Затем она продолжила бормотать (себе самой) что-то о марке водяного пистолета, который Ривера нашел на basurero, – что-то про «слабый механизм брызгалки».
Хозяин свалки и Хуан Диего проводили взглядом Лупе, побежавшую к лачуге; без сомнения, ей надо было пополнить новообретенным водяным пистолетом свою коллекцию.
Поодаль от лачуги еl jefe проверял баллон с пропаном; он всегда проверял его на предмет утечки, но сегодня утром его интересовало, сколько еще там пропана. Ривера определял это по весу, просто приподнимая баллон.
Хуан Диего часто задавался вопросом, на каком основании хозяин свалки решил, что он, скорее всего, не отец мальчика. Это верно, что внешне между ними не было ничего общего, но, как и Лупе, Хуан Диего был настолько похож на свою мать, что едва ли в таком случае можно было быть похожим еще на кого-то.
– Просто надеюсь, что ты похож на Риверу в его доброте, – сказал брат Пепе Хуану Диего во время доставки той или иной охапки книг. (Хуан Диего выуживал у Пепе все, что тот, возможно, знал или слышал о наиболее вероятном отце мальчика.)
Всякий раз, когда Хуан Диего спрашивал el jefe, почему тот относил себя лишь к возможным отцам, хозяин свалки всегда улыбался и говорил, что он, «возможно, недостаточно умен», чтобы быть папой «читателя свалки».
Хуан Диего, наблюдая, как Ривера поднимает пропановый бак (полный бак был очень тяжелым), вдруг произнес:
– Когда-нибудь, jefe, я буду таким сильным, что смогу поднять бак с пропаном – даже полный. – (Только так, обиняками, читатель свалки мог поведать Ривере, как ему хотелось надеяться, что хозяин свалки – его отец.)
– Нам надо ехать, – это все, что сказал Ривера, забираясь в кабину своего грузовика.
– Ты до сих пор не починил боковое зеркало заднего вида, – сказал Хуан Диего.
Лупе что-то бубнила, подбегая к грузовику, за ее спиной захлопнулась дверь лачуги.
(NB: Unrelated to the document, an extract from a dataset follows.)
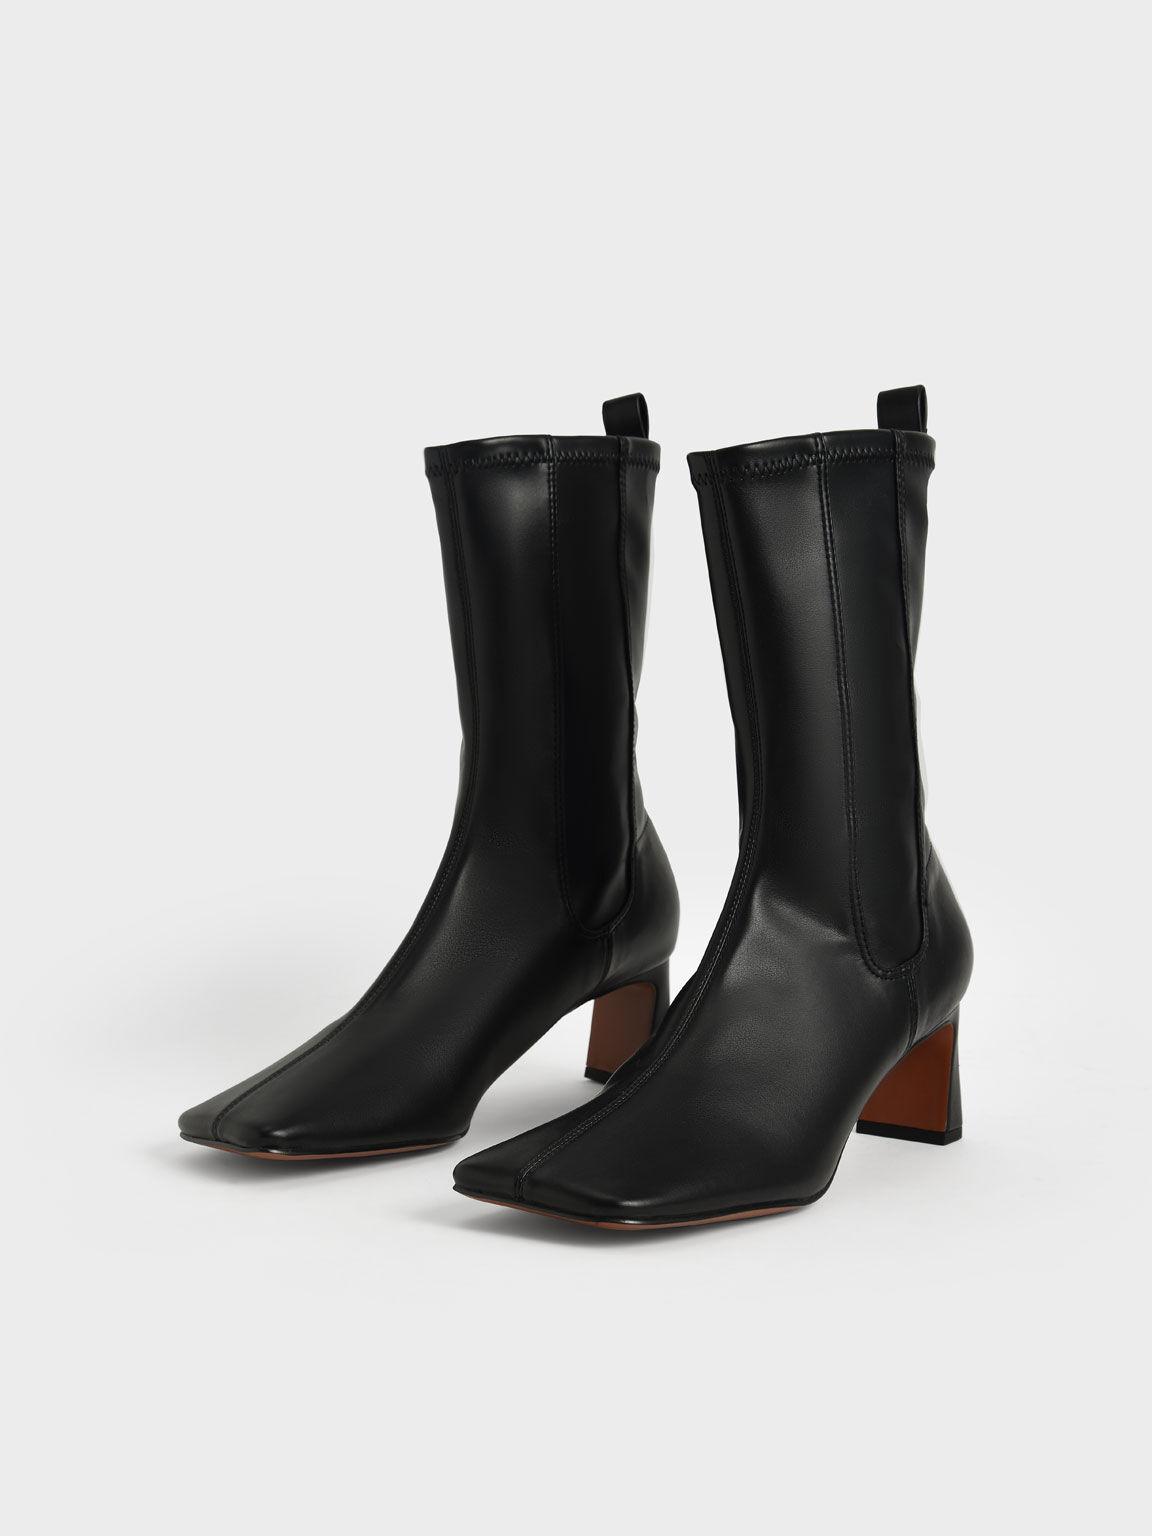 Stitch-Trim Slip-On Calf Boots, Black, hi-res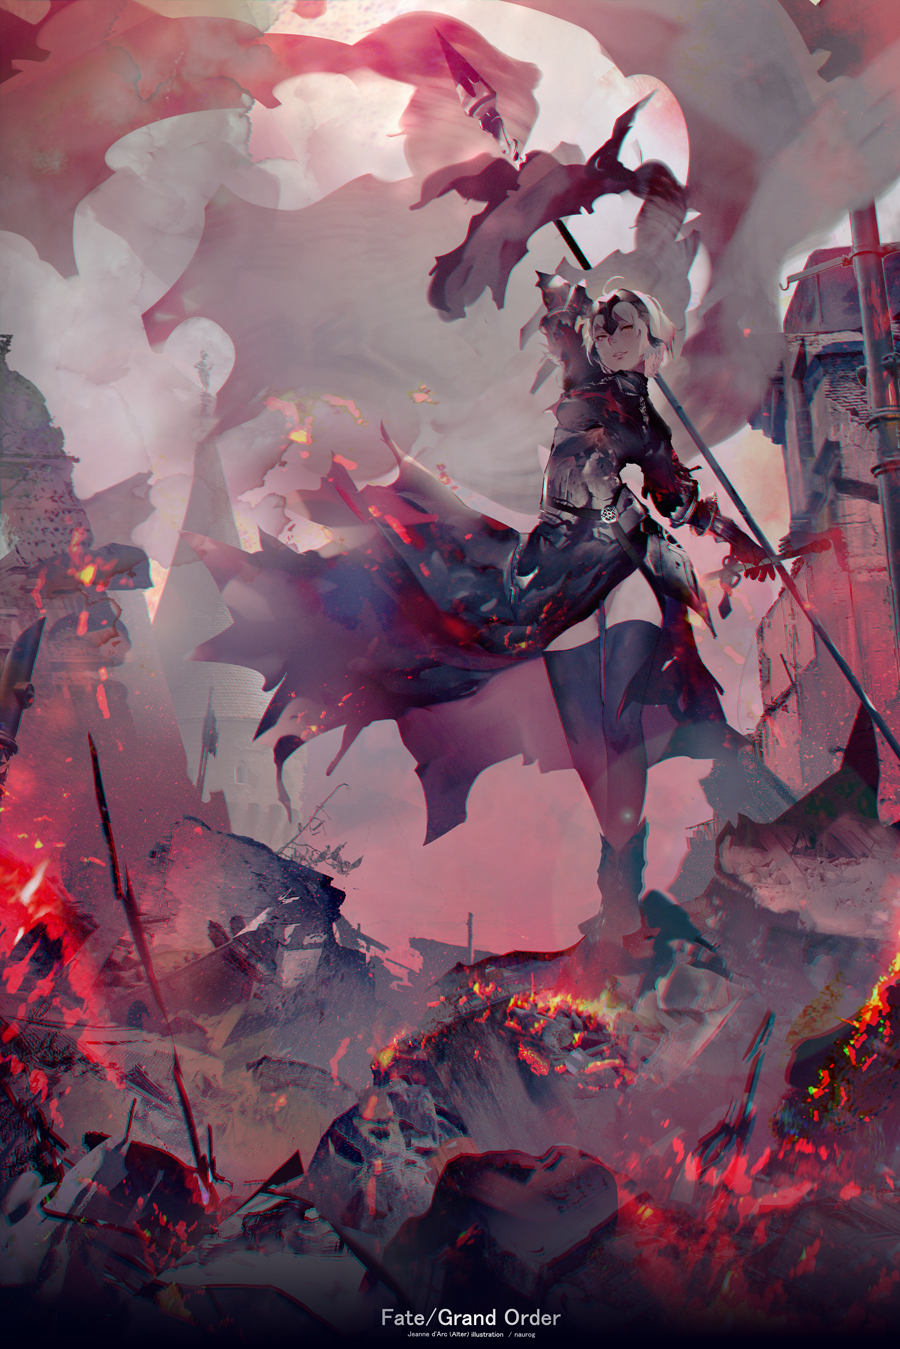 Fate Grandorder Jeanne D Arc Alter Naurogのイラスト Arte De Anime Personajes De Fantasia

Звук пистолетного выстрела, изданный закрывшейся дверью, не произвел никакого впечатления на стервятников, горбатившихся на дороге над мертвой собакой; теперь за работой было четыре стервятника, и ни один из них даже не вздрогнул.
Ривера уже не дразнил Лупе скабрезными шутками насчет водяных пистолетов. Однажды Ривера сказал: «Вы, дети, так помешаны на этих брызгалках, что люди могут подумать, будто вы практикуете искусственное оплодотворение».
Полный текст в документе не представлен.